Detlef S. wurde im August 2010 in seinem Haus festgenommen. Seither sitzt er in Koblenz in Untersuchungshaft. Besonders sein Adoptivsohn Björn empfindet großen Hass gegen ihn. „Ich hoffe, dass er nie wieder 'rauskommt“, sagte er im Gespräch mit unserer Zeitung. Wie konnte es zu den mutmaßlichen Missbrauchstaten kommen? Dazu sagte die Adoptivtochter Natascha dem Fernsehsender N24: „Das ist für Außenstehende schwer zu verstehen. Das hat mit der Psyche und den Zwanghaftigkeiten zu tun gehabt.“

Detlef S. drohen bei einer Verurteilung bis zu 15 Jahre Haft. Möglicherweise muss er für immer hinter Gitter. Die Staatsanwaltschaft Koblenz hat gegen ihn die Sicherungsverwahrung beantragt. Medien nennen den Angeklagten den „deutschen Fritzl“, weil der Fall Fluterschen an den Fall Josef Fritzl erinnert. Der Österreicher sperrte seine Tochter 24 Jahre lang in ein unterirdisches Kellerverlies, vergewaltigte sie und zeugte mit ihr sieben Kinder. 2009 wurde er zu lebenslanger Haft verurteilt.

Im Prozess gegen Detlef S. verliest der Staatsanwalt heute die Anklageschrift. Dann könnte der Angeklagte zu den schweren Tatvorwürfen Stellung nehmen. Doch nach Auskunft seines Anwaltes Thomas Düber will er schweigen. Außerdem soll heute die Adoptivtochter aussagen.

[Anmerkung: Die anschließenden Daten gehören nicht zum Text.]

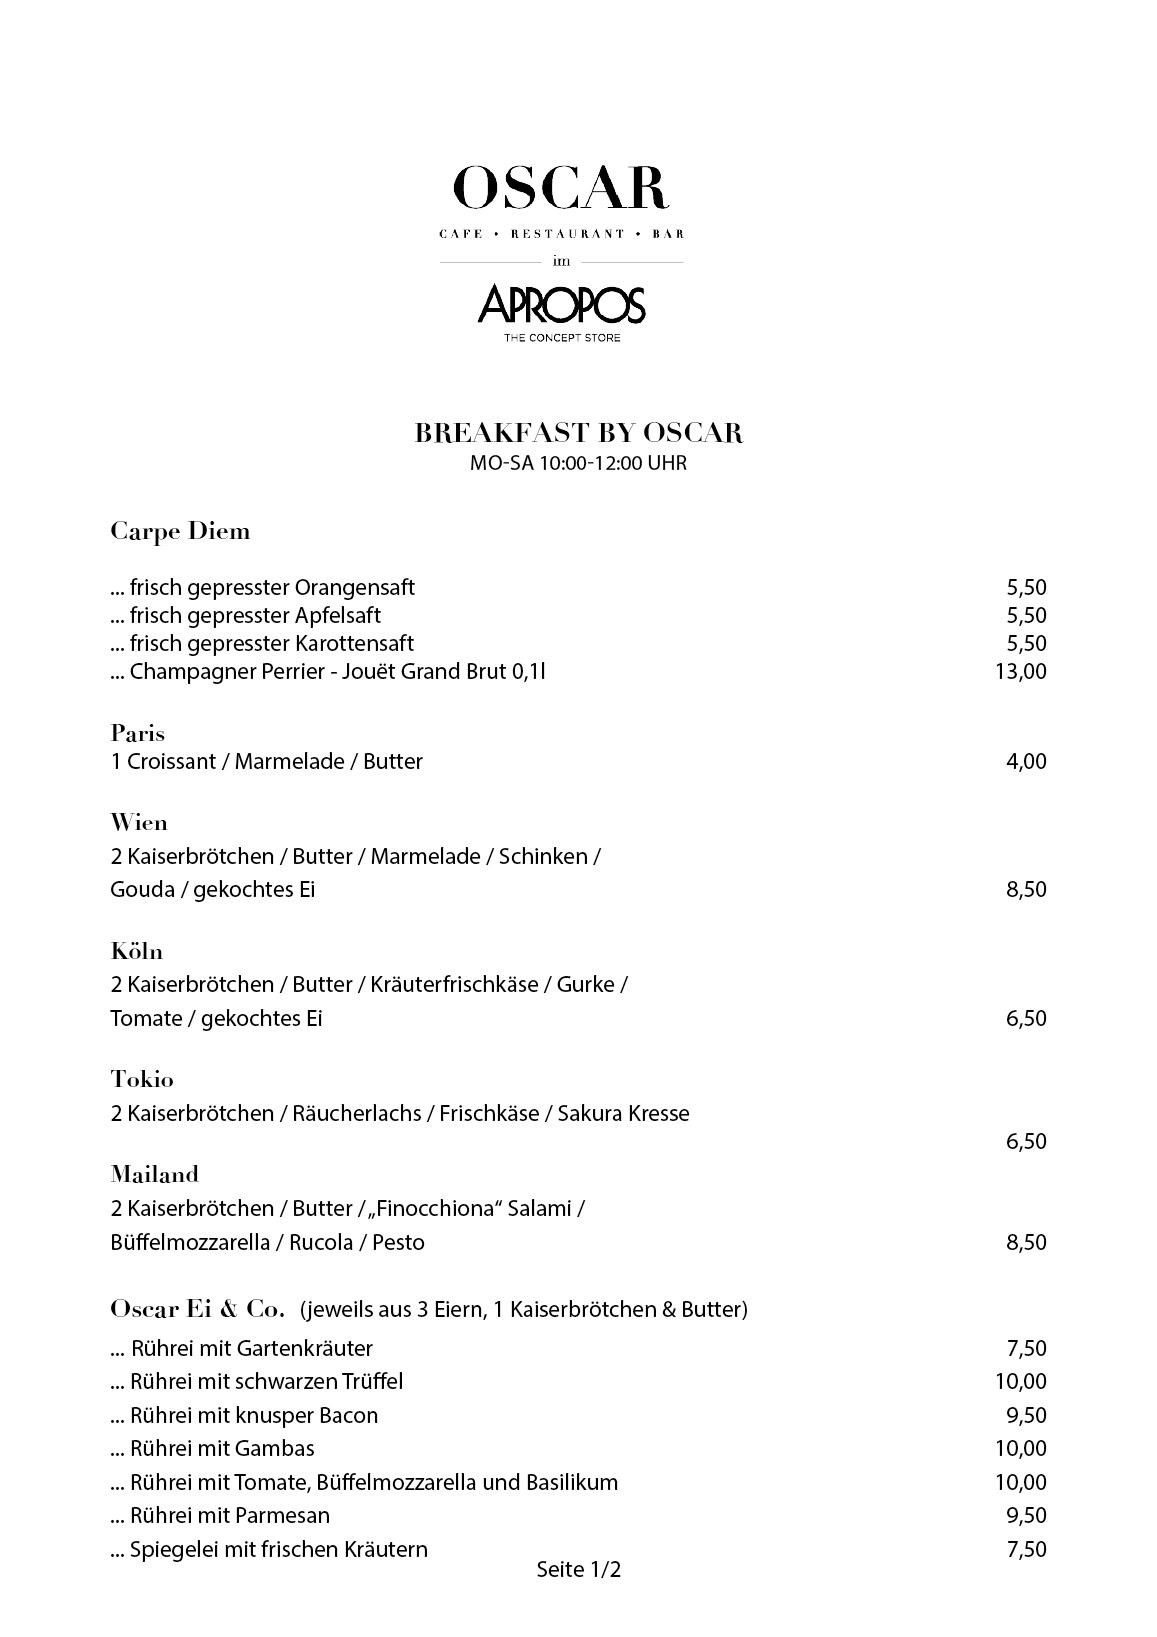 OSCAR im APROPOS - Bar, Restaurant, Café in Köln

Wahrscheinlich schließt das Gericht während ihrer Aussage die Öffentlichkeit aus. Dann müssen alle Zuhörer und Journalisten den Saal verlassen. Das Gericht hat bis Ende Februar vier weitere Prozesstage angesetzt. Morgen und am Donnerstag sollen die Tochter und der Adoptivsohn des Angeklagten aussagen.

EXTRA:

Zeitungen, TV-Sender, Internetseiten und Radiosender: Alle Medien berichten über das Missbrauchsdrama in Fluterschen (Kreis Altenkirchen). Der mutmaßliche Täter Detlef S. sitzt seit August hinter Gittern – und bekommt von all dem nur wenig mit. Er hat in seiner Zelle in der Justizvollzugsanstalt Koblenz einen Fernseher. Andere Medien kann er laut seinem Anwalt Thomas Düber nicht nutzen. Der erfahrene Strafverteidiger hat Detlef S. gut 20 Mal im Gefängnis besucht. In einem Interview schildert er seine Treffen mit dem Mann.

Was macht Detlef S. für einen Eindruck auf Sie?
Düber: Er ist stark verängstigt und von dem riesigen Medienrummel unheimlich beeindruckt. Damit hätte er nie gerechnet. Die ganze Situation belastet ihn natürlich sehr.

Wie oft haben Sie ihn im Gefängnis besucht?
Bestimmt 20 Mal. Wir haben oft stundenlang in einem Besuchsraum miteinander gesprochen. Über die Anklage und über sein Verhalten im Prozess.

Wie liefen die Besuche ab?
Wir wurden zu zweit in den Besuchsraum gesperrt. Er ist fast leer, nur ein Tisch und zwei Stühle stehen dort. Das Fenster ist vergittert.

Hat Detlef S. auch von anderen Menschen Besuch bekommen?
Ja, nach seiner Inhaftierung haben ihn einige seiner Kinder besucht. Später nicht mehr.

Haben ihn seine Ehefrau oder seine mutmaßlichen Opfer besucht?
Nein.

Wird Ihr Mandant im Prozess zu den Vorwürfen Stellung nehmen?
Nach derzeitigem Stand (am Montagabend, Anmerkung der Redaktion) sieht es nicht so aus. Er wird wohl keine Aussage machen.

Die Staatsanwaltschaft hat gegen Ihren Mandanten die Sicherungsverwahrung beantragt, weil sie ihn für allgemeingefährlich hält.
Ja, das stimmt. Aber die Allgemeingefährlichkeit meines Mandanten konnte bisher noch kein Gutachter bestätigen.

Warum nicht?
Mein Mandant war nicht bereit, sich begutachten zu lassen.